-- WORK TO COMPLETE --
A faithful, picture-free copy of the listing below is required.

-- GIVEN INFORMATION --
■ ■ ■ ■

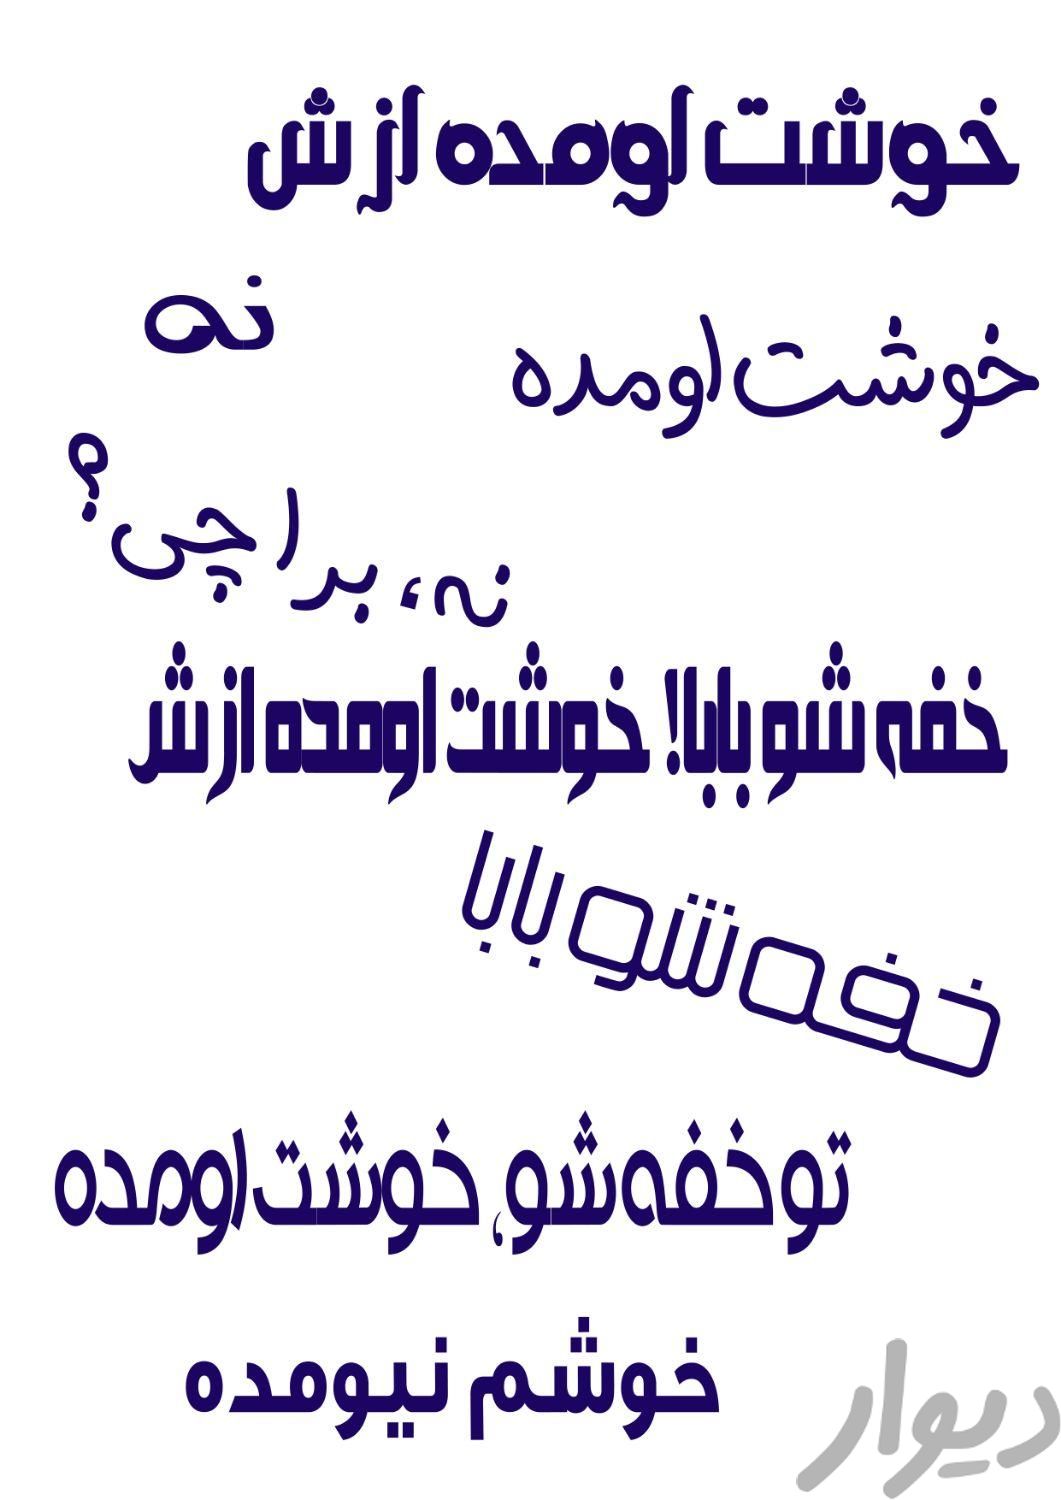 لیوان با چاپ عکس و متن دلخواه
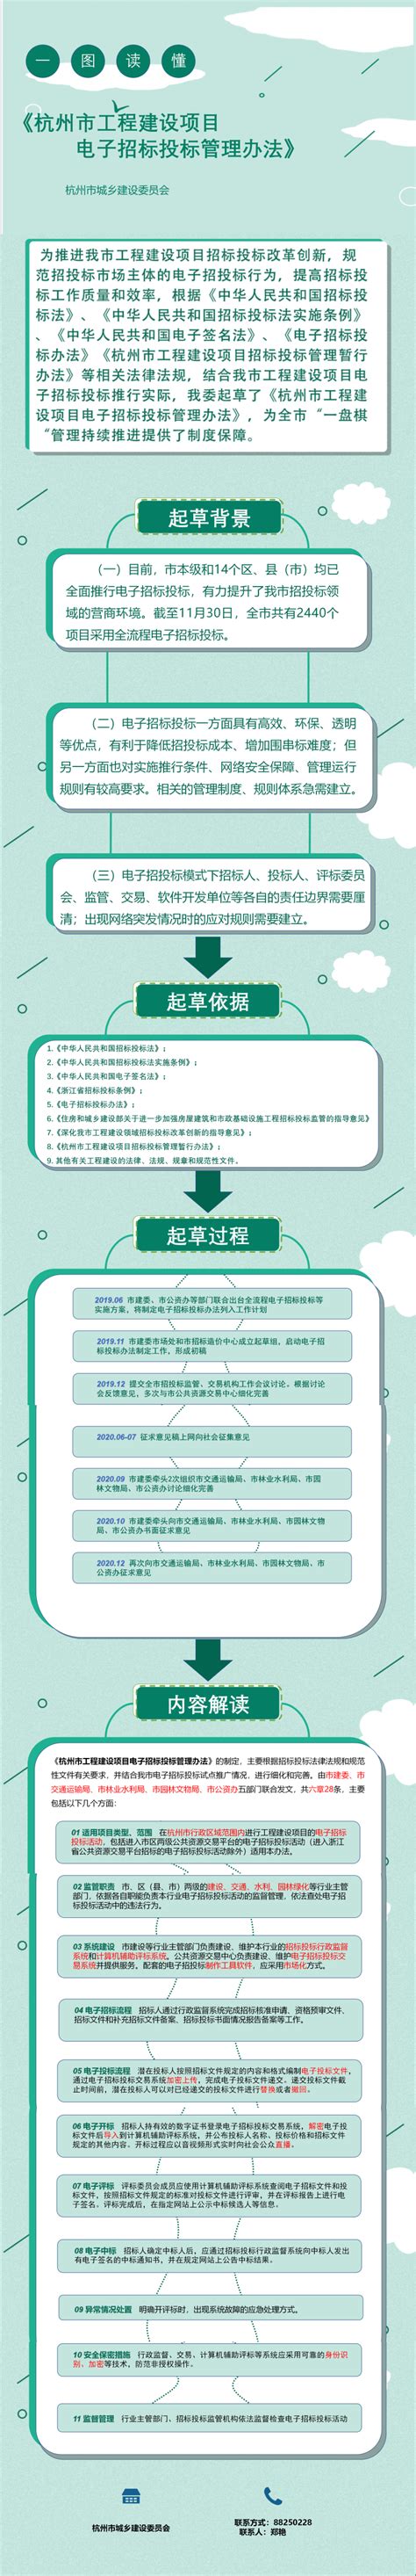 《杭州市工程建设项目电子招标投标管理办法》图片解读
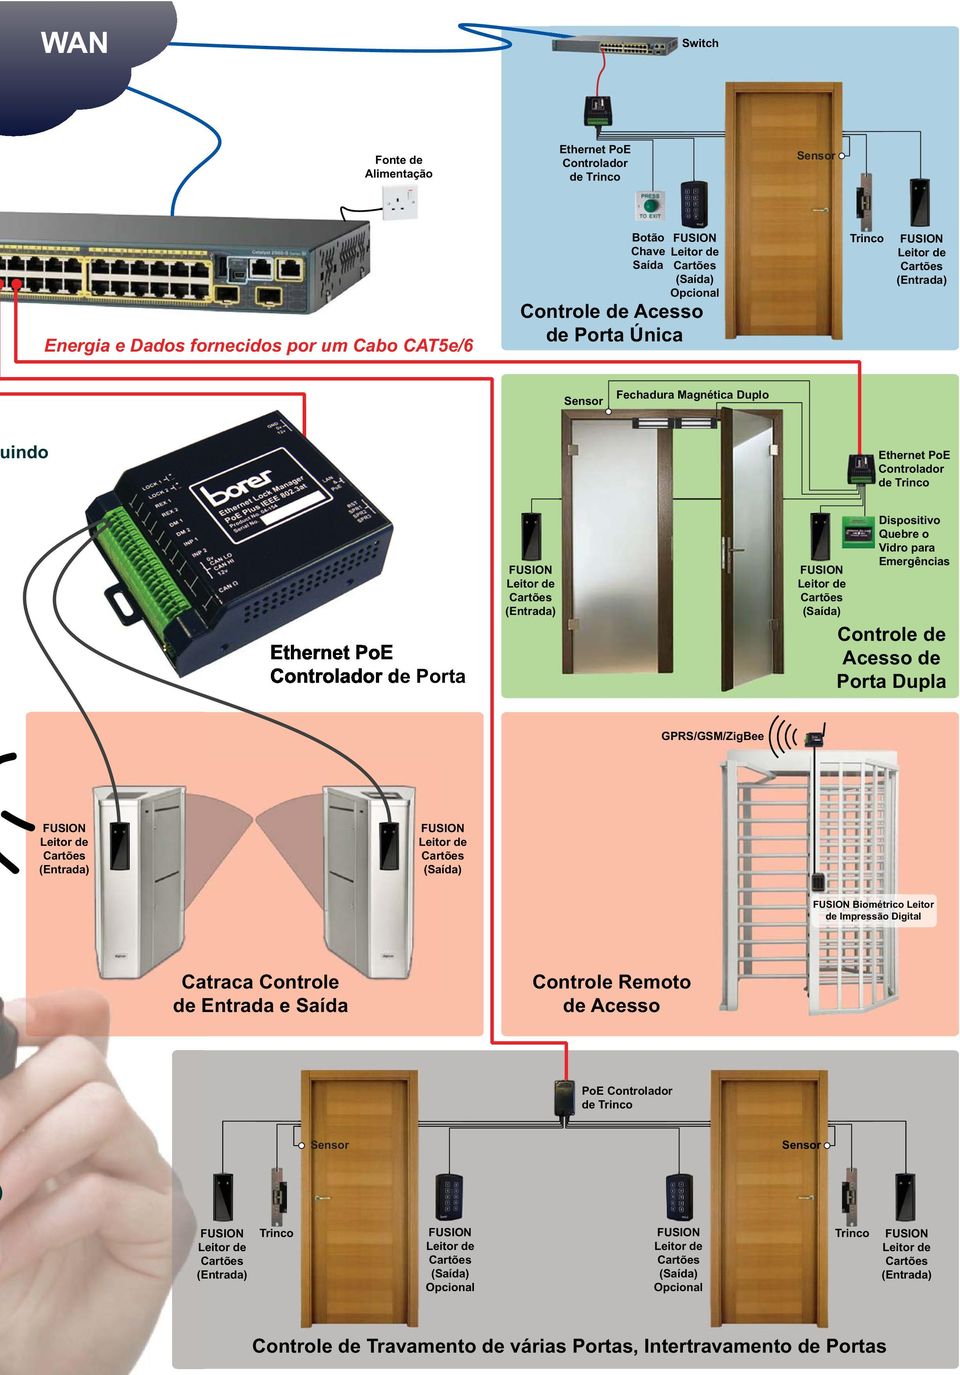 o Vidro para Emergências Controle de Acesso de Porta Dupla GPRS/GSM/ZigBee Biométrico Leitor de Impressão Digital Catraca Controle de Entrada e Saída
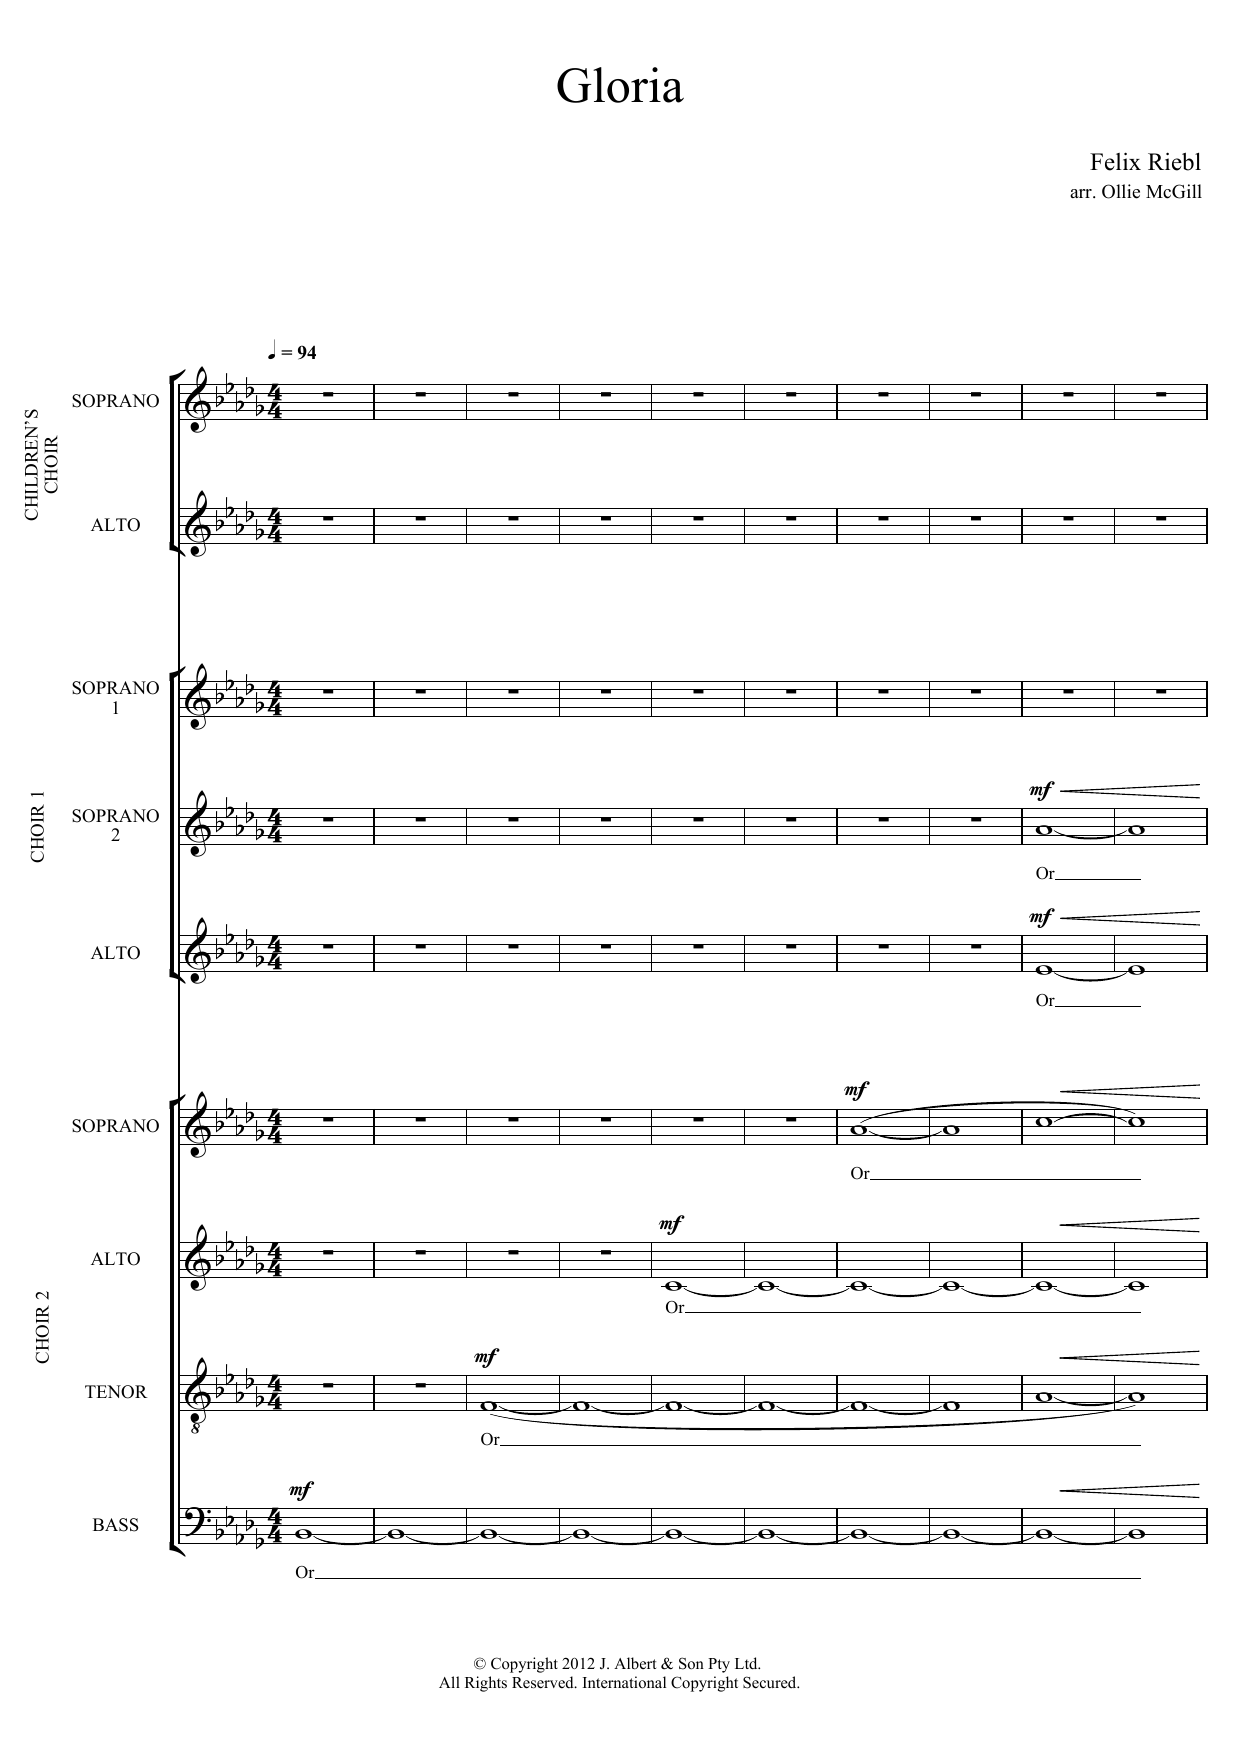 Felix Riebl Gloria (arr. Ollie McGill) Sheet Music Notes & Chords for SATB Choir - Download or Print PDF

■ ■ ■ ■

-- OUTPUT BELOW --
 لیوان با چاپ عکس و متن دلخواه
 《杭州市工程建设项目电子招标投标管理办法》图片解读
 o Vidro para Emergências Controle de Acesso de Porta Dupla GPRS/GSM/ZigBee Biométrico Leitor de Impressão Digital Catraca Controle de Entrada e Saída
 Felix Riebl Gloria (arr. Ollie McGill) Sheet Music Notes & Chords for SATB Choir - Download or Print PDF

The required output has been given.